Baseball doesn’t just have the best All-Star Game. It has what feels like the only All-Star Game.
They keep changing the format for the NBA All-Star Game as a way of trying to make it at least look competitive. The NHL once tried Team World vs. Team North America and then went with four-team, 3-on-3, single elimination format. The Pro Bowl in the NFL for years used to be just a trip to Hawaii for the players chosen, and over time turned into a glorified Flag Football Game.
The All-Star Game in baseball isn’t perfect, not by any means: There was the night back in 2002 they ran out of pitchers and the game ended in a tie. They briefly tried making the winner of the game determine which league would get home-field advantage in the World Series.
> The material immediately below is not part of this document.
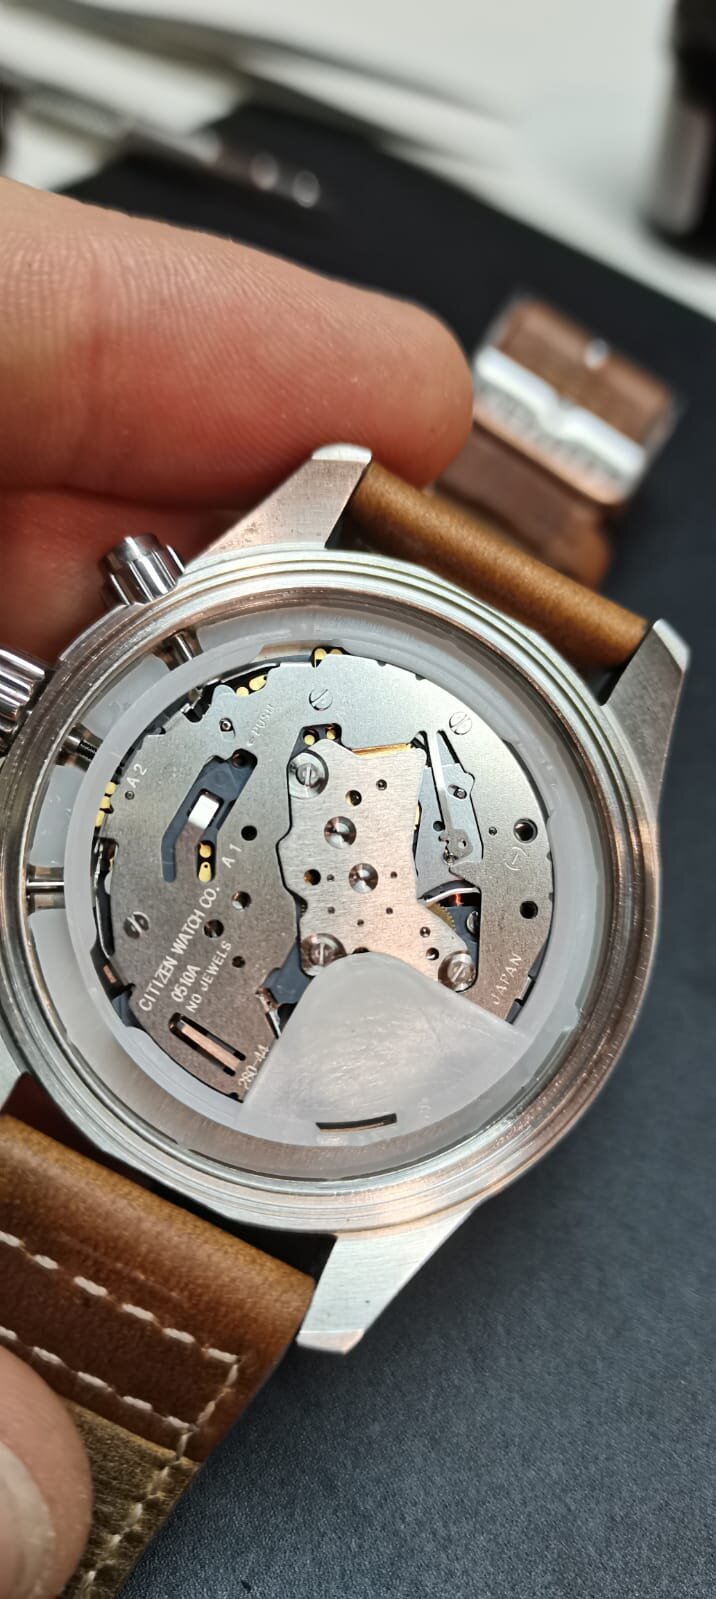 Citizen 0510 - S111099 741221604 GN - 4 - S watch repair in for battery and  reseal Queensgate shopping centre Peterborough. PE15. We are open Sundays.  | Watches Fixed | Watch Repairs | Latest Watch News | Watch Hub

Now it’s back to being just a ballgame, one involving most of the best baseball players we have, so many of them young. That will be part of the beauty of the occasion. A celebration this old featuring all that young talent.
And the game will be played the night after the Home Run Derby, which will simply be the bomb at Coors Field on Monday night, largely because of the presence of Shohei Ohtani, the biggest star we have in sports right now, and that means any sport. And then he will not just hit in the game on Tuesday, he is also expected to pitch, something that has never happened in the 90 All-Star Games that have come before.
Joe Maddon, Ohtani’s manager, had a conversation with American League manager Kevin Cash to let him know that he is all-in on his star doing both.
"The conclusion is that he will pitch, but how it's going to happen has not been concluded," Maddon said. "There's different ways to do it, obviously. He could start the game or come in game-in-progress."
Shohei will be there Tuesday and so will Vlad Jr. and Tatis Jr. And we’ll watch them to see which one of them might give us a moment, and turn the All-Star Game itself into a Home Run Derby, for at least one swing of the bat that might be remembered.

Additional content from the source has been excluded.